A long-term timeline of technology by Max Roser

A couple of days ago, I stumbled on LinkedIn on this image showing a long-term timeline of technological development by Max Roser, founder of Our World in Data.

The graphic is impressively synthetic, and deals beautifully with exponential time scales, both prior and after the modern epoch.

But I am not convinced that the evolution of technology should be presented as a linear timeline. The automobile, for instance, is by no means a progression step, but a regression of spatial planning pushed by the car, fossil fuel and consumables industry (Ford, Shell, Exxon, Michelin, Tesla batteries…) that still blocks advances in public transport and sustainable planning. What cars have done to space for instance, is illustrated by the evolution of maps that I discuss in an older post.

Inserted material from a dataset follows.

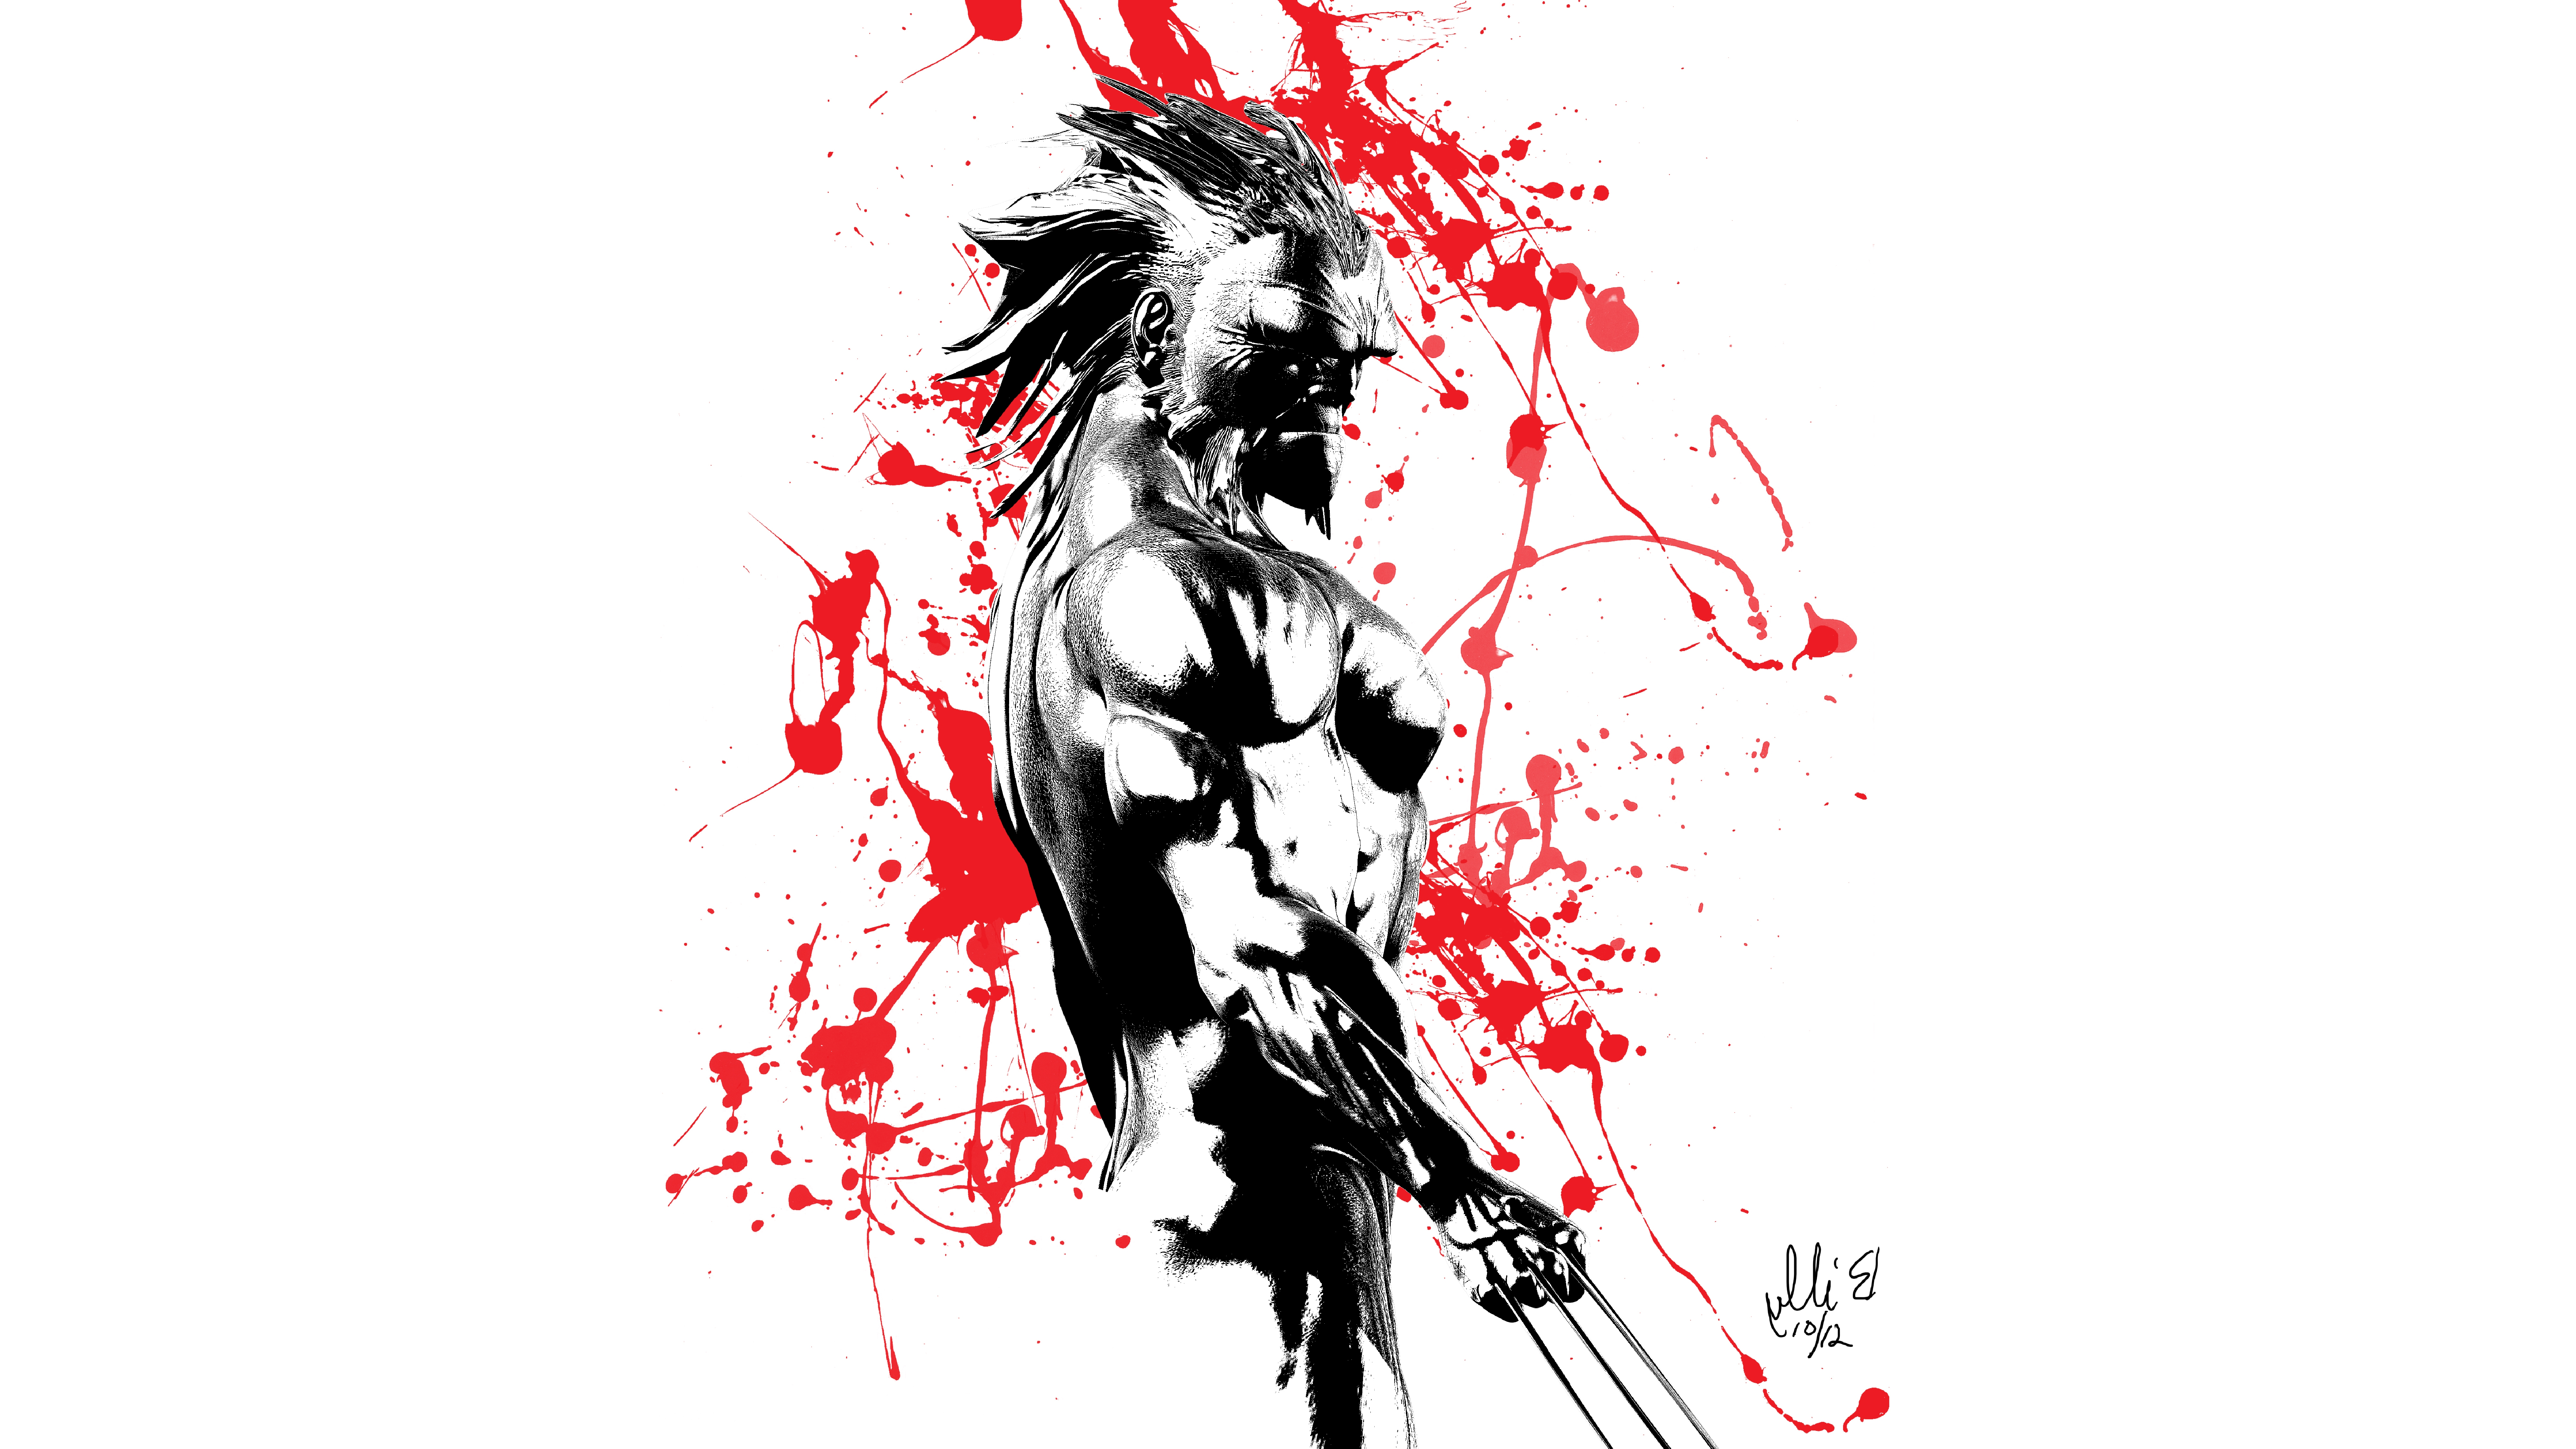 Wolverine 8k ultra hd wallpaper background image 8000x4500 id 517351 wallpaper abyss - Wallpaper wolverine 4k ...

For this graphic to be effective, the line should also show setbacks, and potential paths that we omitted to take. Technologies are also hardly isolable from the societal conditions that allow them to thrive (extractivism, data and financial concentration in the case of AI).

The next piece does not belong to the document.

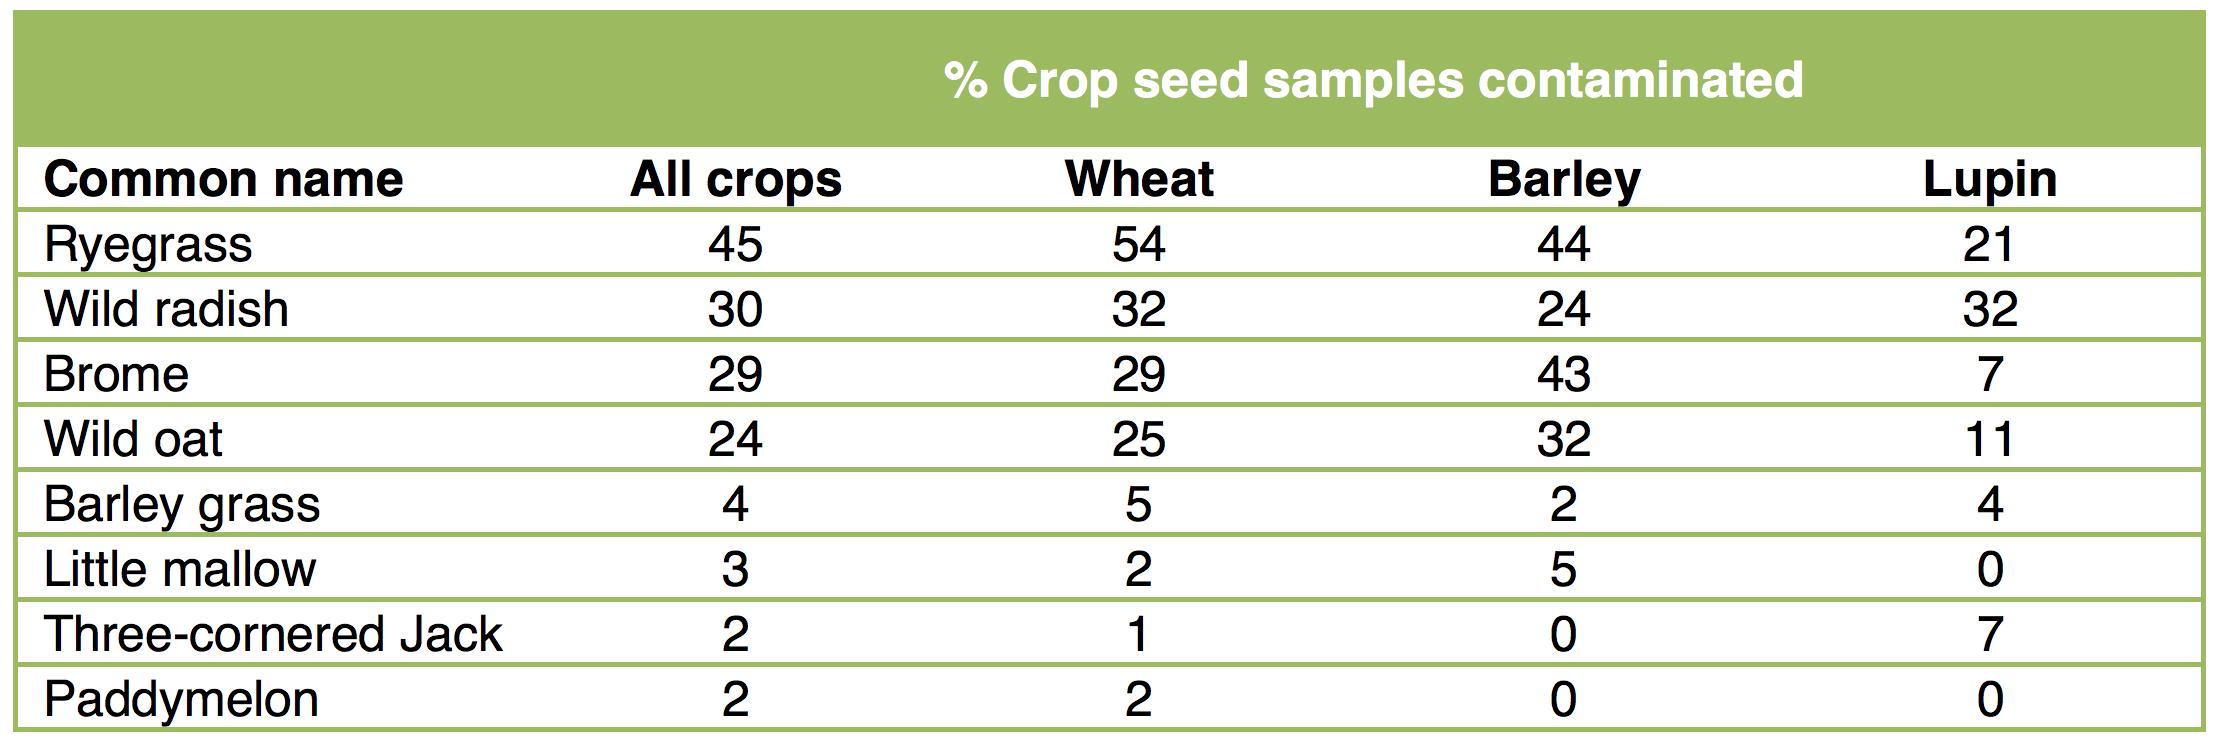 % crop seed samples contaminated

Further, as a friend of mine pointed out in a mail exchange: “it might be helpful to distinguish between different dimensions of progress, e.g. technological, political, economic or social. Progress in one dimension may lead to setbacks,  new challenges or boosters in others, for instance, many technological progresses, such as a typewriter, lead to an increase in the workforce of women (e.g. the rise of the figure of the secretary since the end of the 19th c.) and thus more emancipation, or surveillance technology may increase the means to control people and thus less freedom (have a look at China).”

The line finally fails to mention sustainable technologies.

All in all, this graphic is a nice take, with very interesting graphical options, but in need of more reflection to avoid the ideology of technical determinism. This goes to all students and beyond: take care of esthetics, but beware of esthetic traps.